Figure 54. Percentage of sequence reduction by clustering complete genomes at 90%. (Data Virosaurus 2019_10).
This lack of redundancy suggests that herpesviruses and poxviruses are more diverse than we know, and we might be unable to detect all circulating viruses with our reference dataset. We decided to use a different method to gather sequences for these two virus families. Since there are too few complete genomes, we have used genes instead of genomes (Figure 1). Using genes instead of genomes allows accessing many more sequences and maximizes the chances of identifying a virus with the reference dataset. Because the objective of Virosaurus is to analyze genetic entities at the level of species, using individual genes does not change the output post-processing.
The Virosaurus database 2018_11 has been tested on sequencing data from 20 human clinical samples previously characterized by HTS using the ezVIR pipeline (Figure 65) [9,19,20–25][9][17][18][20][22][23][21][24]. The results of this comparative analysis show 100% concordance. Moreover, the database has been used in a pilot study to characterize viruses causing fever, and provides a surveillance tool for emerging viral diseases in Gabon [26][25]. The results are concordant with the PCR screening results from a previous study [27][26].

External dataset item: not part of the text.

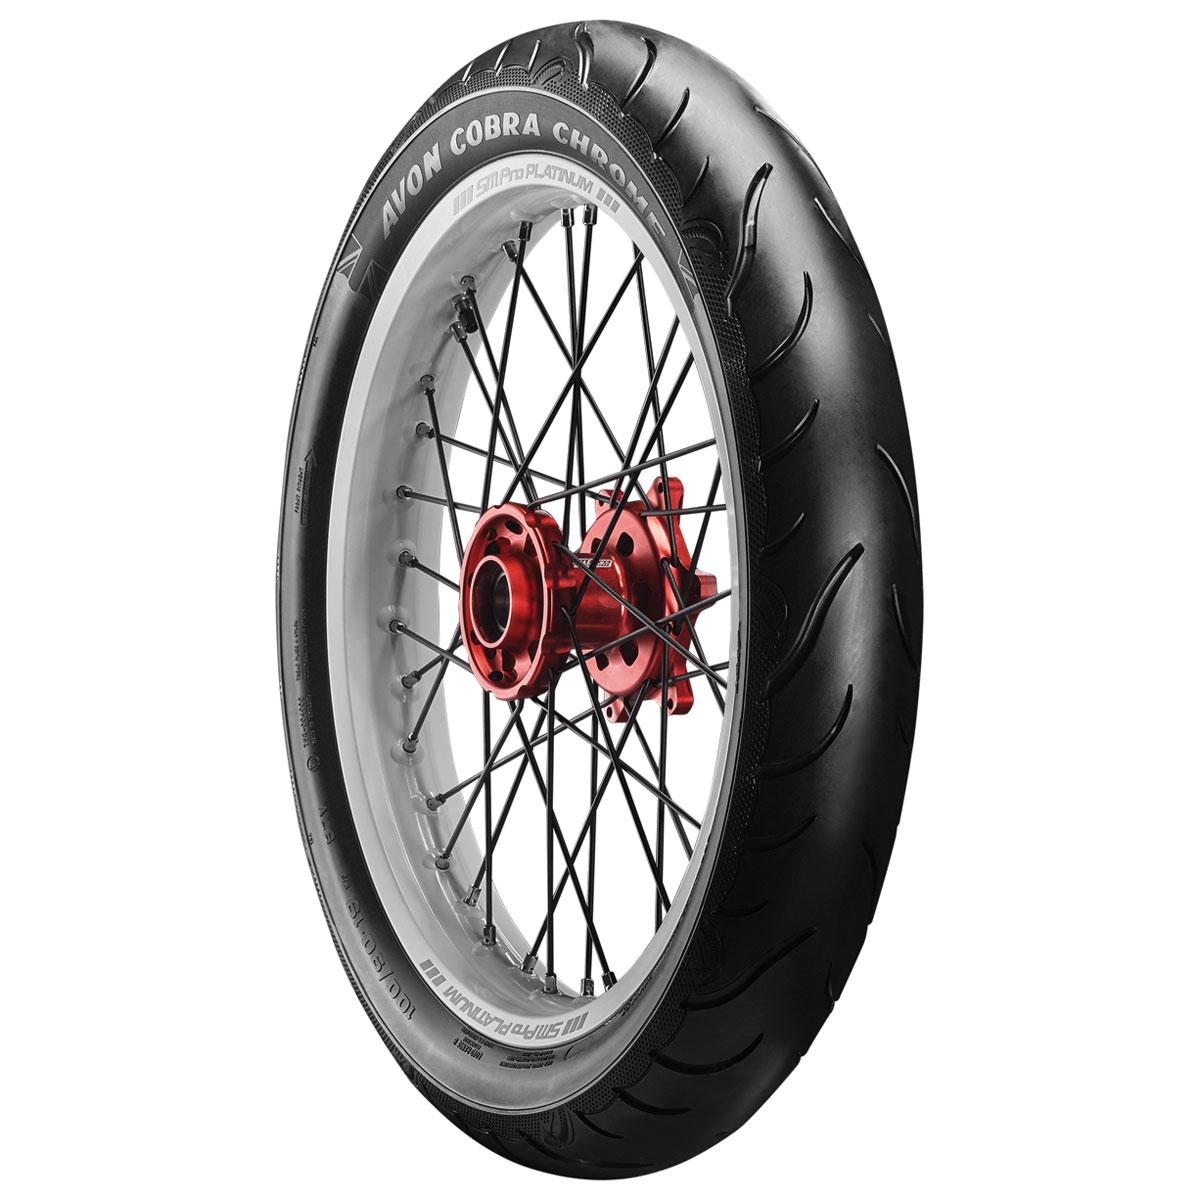 Avon AV91 Cobra Chrome MT90B16 Front Trike Tire

Figure 65. Human blood samples were sequenced and reads generated using the RNA protocol [9] were aligned to the Virosaurus database. The result is easy to interpret and confirms that the patient was positive for a novel human astrovirus, HIV-1 and HHV-8 sequences, as previously reported [23][20]. Top panel: 2D representation of detected sequences with %segment coverage in the X-axis, and depth (median) in Y-axis; bottom panel: raw data. Size of dots is relative to number of reads. Anellovirus (TTV) sequences were also detected. The Virosaurus hierarchy allows allocating reads to viral entities: at the level of virus (HIV-1, HHV-8, MastV-6) or higher (TTV). Unclassified SEN viruses are TTV-like genomes. Mamastrovirus (Novel) is a subtyping, allowing differentiating between novel (i.e., MLB and VA/HMO) and classical human astroviruses.